Nine laptops used by ex-Garda chiefs missing, tribunal is told
Nine out of 11 laptops issued to former Garda commissioners Nóirín O'Sullivan and Martin Callinan used over a certain period of time have not been returned, the Disclosures Tribunal has heard.
The tribunal is looking at claims by former Garda press officer Superintendent David Taylor he was directed by Mr Callinan to brief the media negatively on whistleblower Sergeant Maurice McCabe. Mr Callinan denies this.
Supt Pat Ryan, the head of the garda IT section, told the tribunal he had been asked in 2017 to identify all computer hardware used by Ms O'Sullivan from July 1, 2012, to May 31, 2014.
Supt Ryan said five laptop computers had been assigned to Ms O'Sullivan between 2006 and 2010, and these could no longer be recovered. A hard drive from an office desktop computer had been located.
No laptop was assigned to Ms O'Sullivan during her time as commissioner. Two iPads used by her had been located, although one had a fault.
Four out of six laptops used by Mr Callinan could not be located, and one machine had been rebuilt and redeployed.

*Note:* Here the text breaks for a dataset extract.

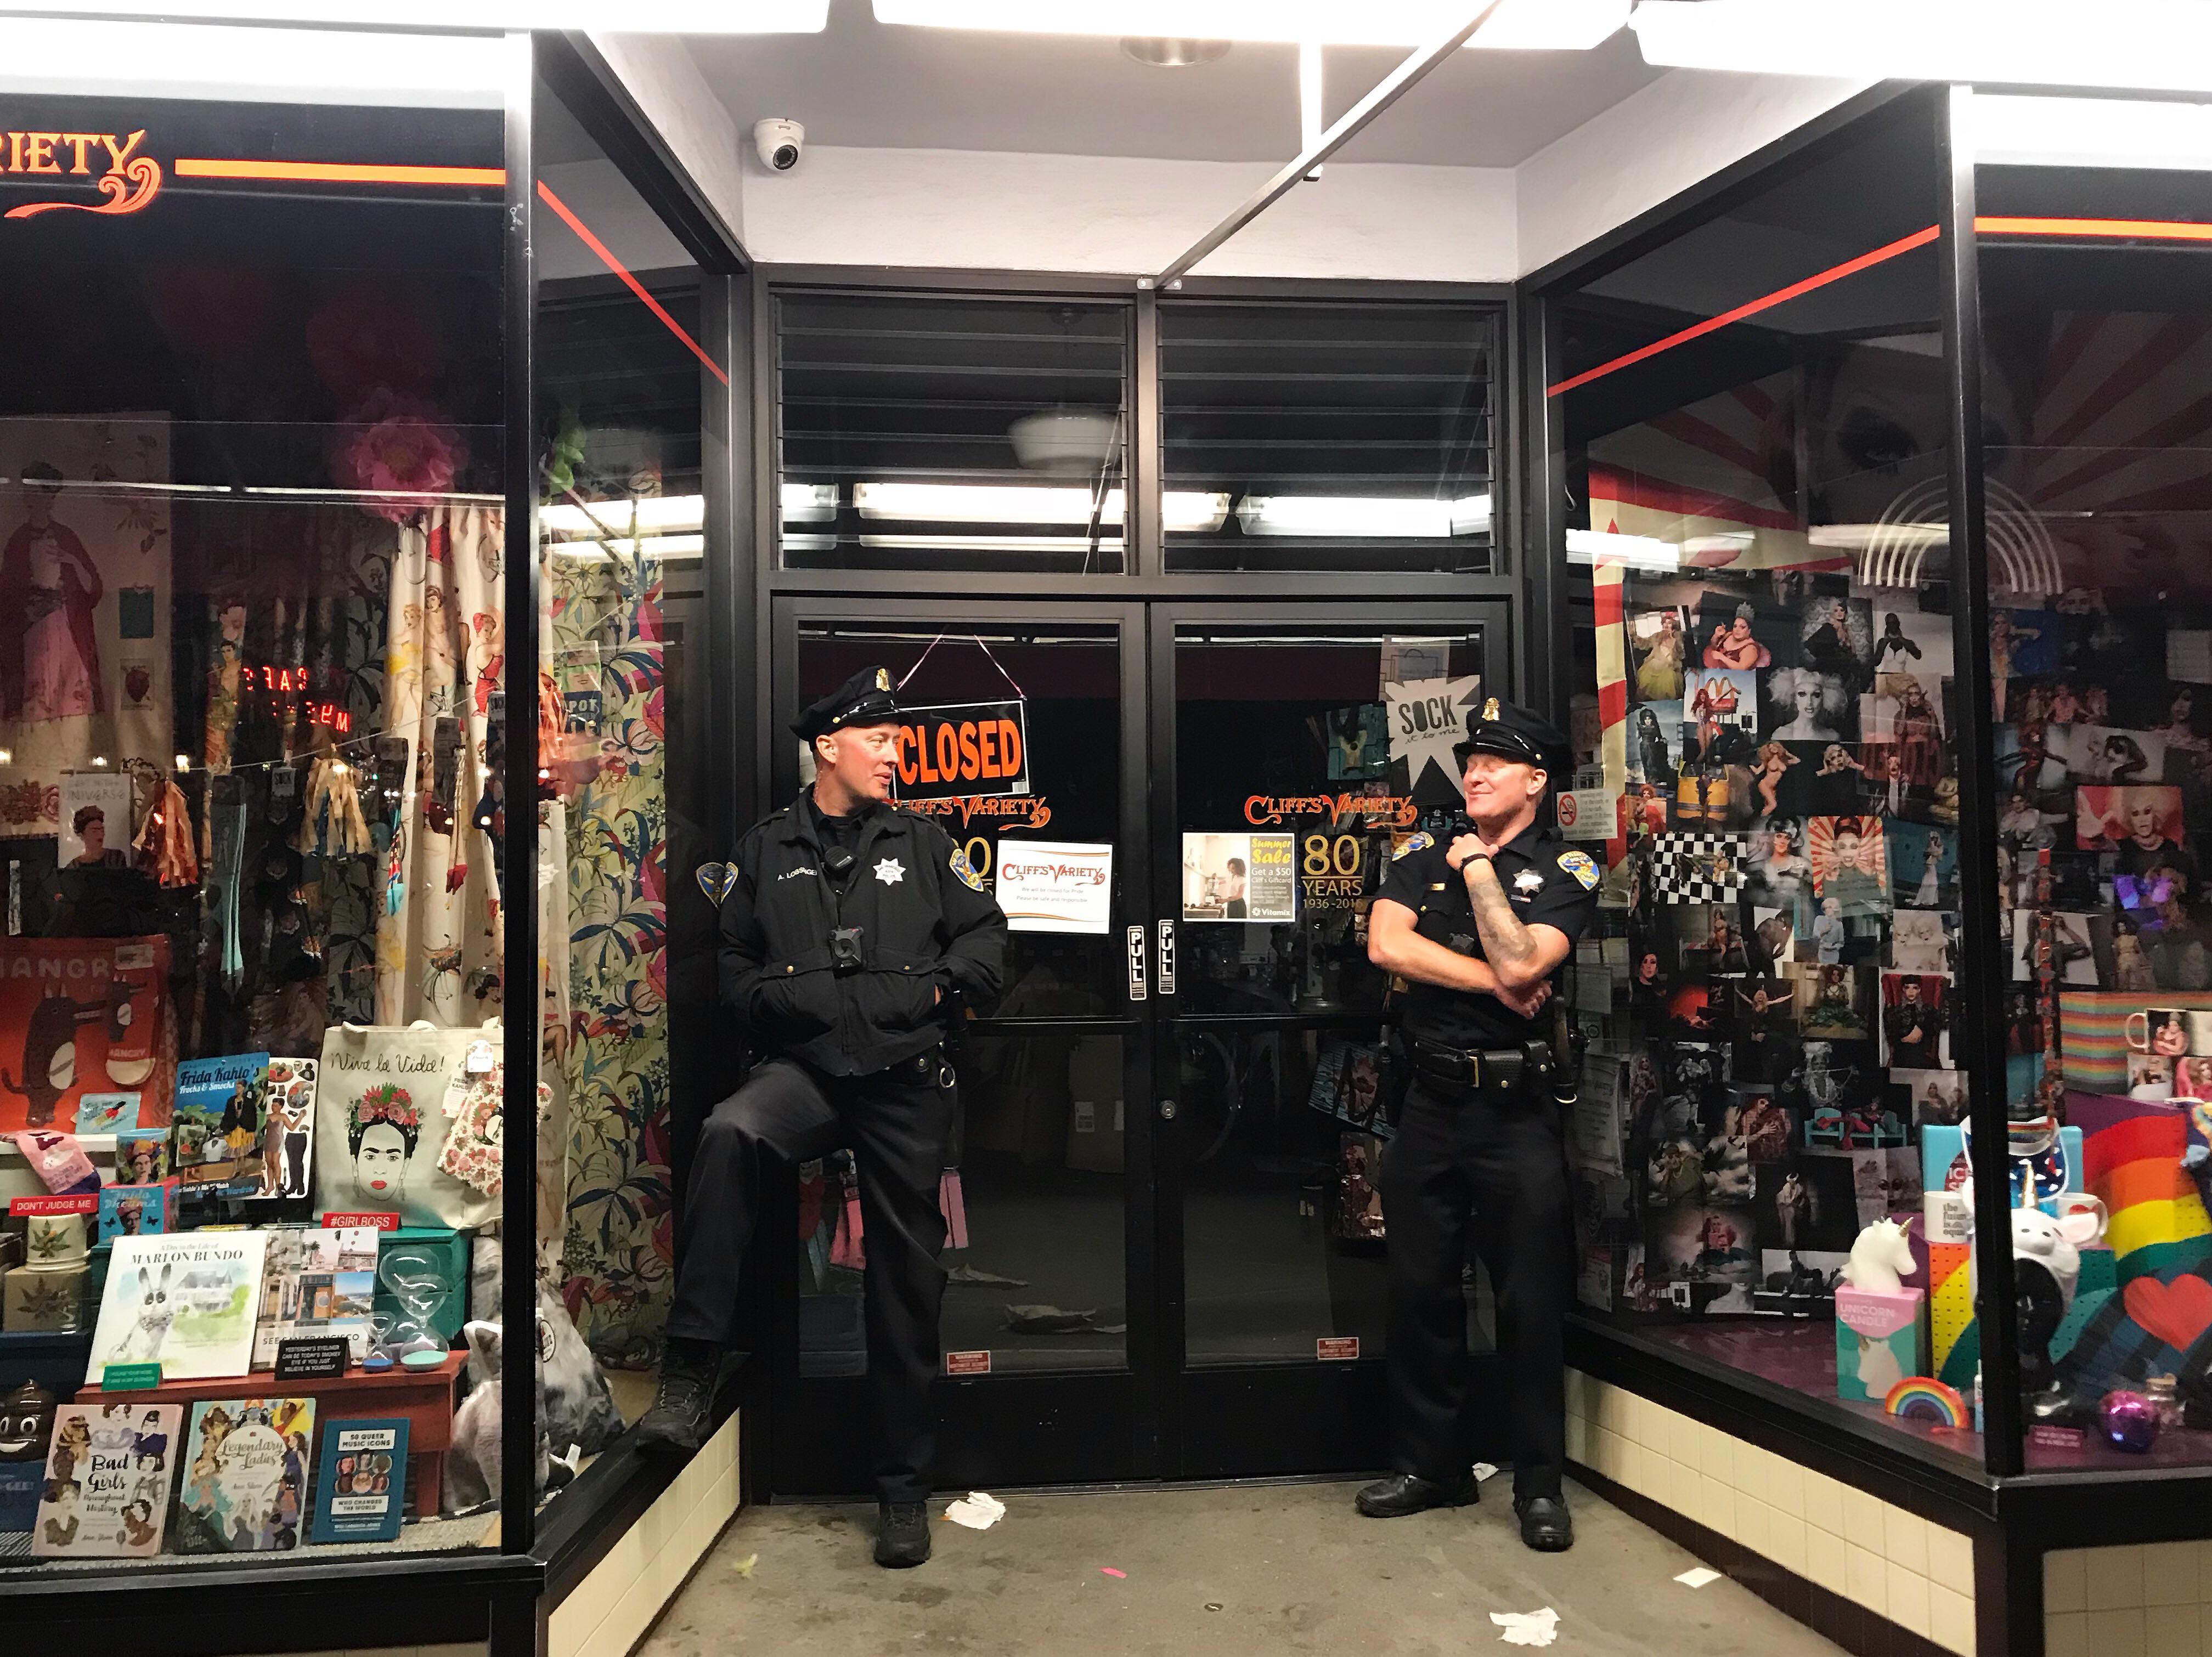 Candid photograph of two police officers standing in front of a shopfront in San Francisco circa 2018.

Mr Callinan bought the laptop he was using at the time of his retirement, which was reset to factory settings to remove garda data before he took it home.

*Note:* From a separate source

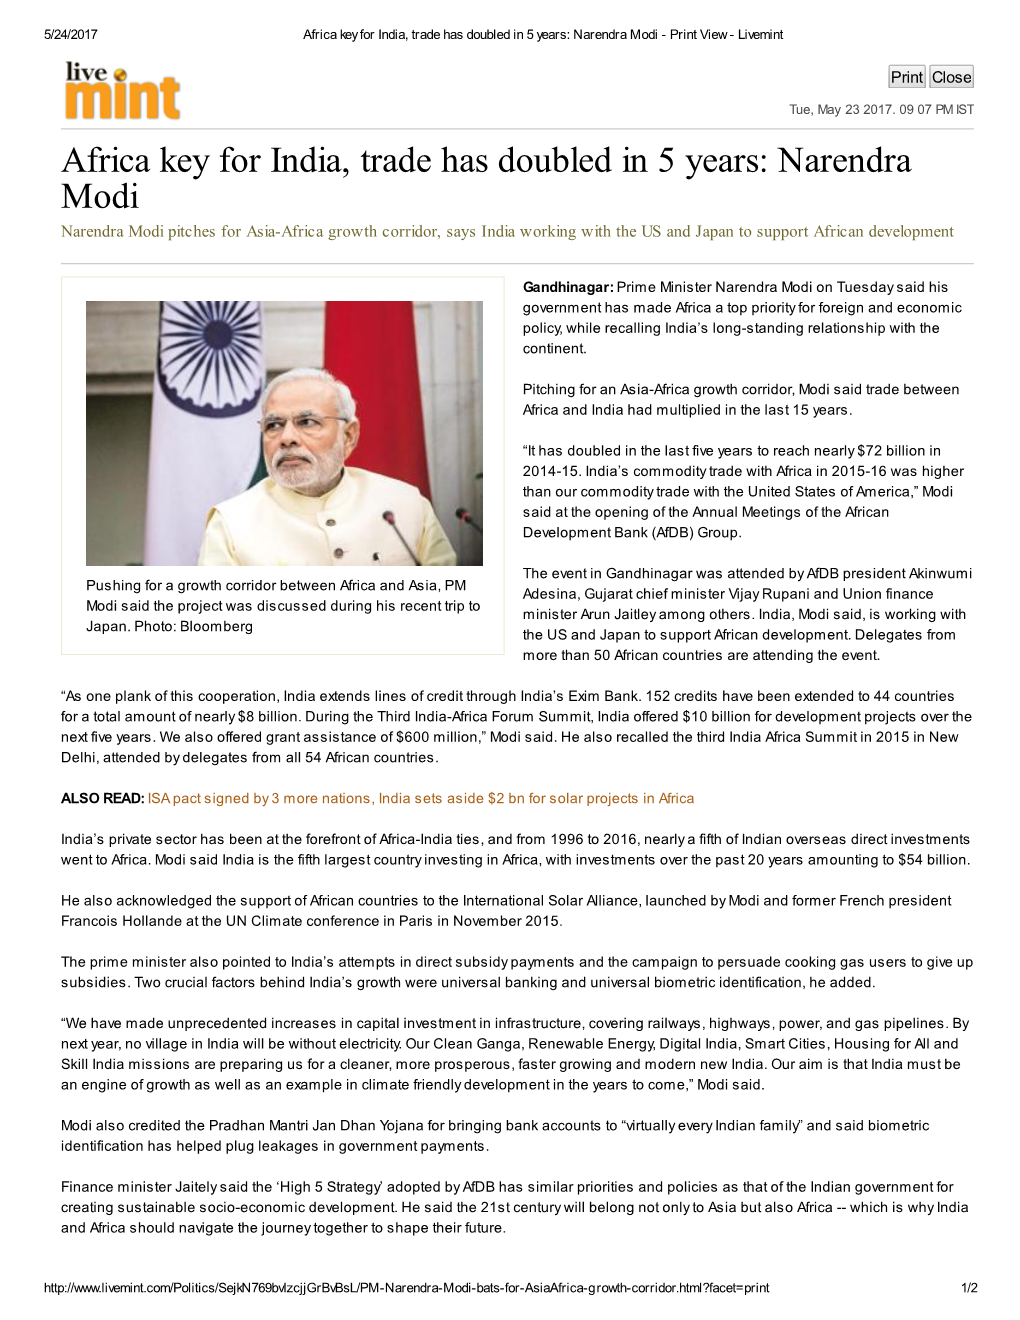 Africa Key for India, Trade Has Doubled in 5 Years: Narendra Modi ­ Print View ­ Livemint

Supt Ryan said computers were upgraded from Windows XP to Windows 7 at the end of 2014, and as part of this process, a file-share system was set up with data held on the file share.

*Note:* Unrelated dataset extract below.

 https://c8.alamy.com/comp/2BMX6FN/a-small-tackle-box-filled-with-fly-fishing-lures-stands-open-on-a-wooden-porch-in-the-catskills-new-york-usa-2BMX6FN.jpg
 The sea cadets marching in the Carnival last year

Emails sent on garda accounts were archived, and even if an email was deleted from a local computer it would not be deleted in the archive. Log-in details from computers were still available in audit logs.
Earlier, the tribunal was also told Supt Taylor was not complimentary about Sgt McCabe or journalists who wrote about him. Sgt James Molloy, who works in the press office, told the tribunal he heard people discussing Sgt McCabe in the press office.
Supt Taylor was uncomplimentary about him, any journalist writing about Sgt McCabe and any member of the Oireachtas who "took his side".
Sgt Molloy said he was "vaguely aware" of a rumour of a sexual assault investigation, and Sgt McCabe felt this should not be on the Pulse system.
The DPP had recommended no prosecution as there was no evidence of a crime following the 2006 investigation.
Asked by tribunal barrister Patrick Marrinan SC whether Supt Taylor was uncomplimentary towards Sgt McCabe because of the assault allegations or because he was speaking out on Garda issues, Sgt Molloy said it was because Sgt McCabe was speaking out.
Sgt Molloy said he was not aware of a smear campaign against Sgt McCabe and was never told to smear anybody.
Sgt Molloy said Supt Taylor had "a tendency to gossip and chitchat in the office after an incident".
Supt Taylor did a lot of media briefings as press officer. "There is always the danger in the press office of loving it, getting a buzz from it. I thought he had fallen into that trap," Sgt Molloy said.
Meanwhile, a garda sergeant who worked in the press office told the tribunal he became concerned sensitive information was being leaked to journalists.
Sgt Damien Hogan, who continues to work there, said suspicions were raised when he saw newspaper articles that closely matched incident reports he had seen but which had not been made public.
He became concerned the press office was compromised after a call from a journalist some months after Supt Taylor had been transferred.
A journalist who had queries about a Child Rescue Ireland alert told Sgt Hogan: "I'm getting enough at the moment from Supt Taylor."
Sgt Hogan rang garda head of communications Andrew McLindon and the new press officer Supt Paul Moran.
"It wasn't his new role, it wasn't his role to be briefing the media," Sgt Hogan said.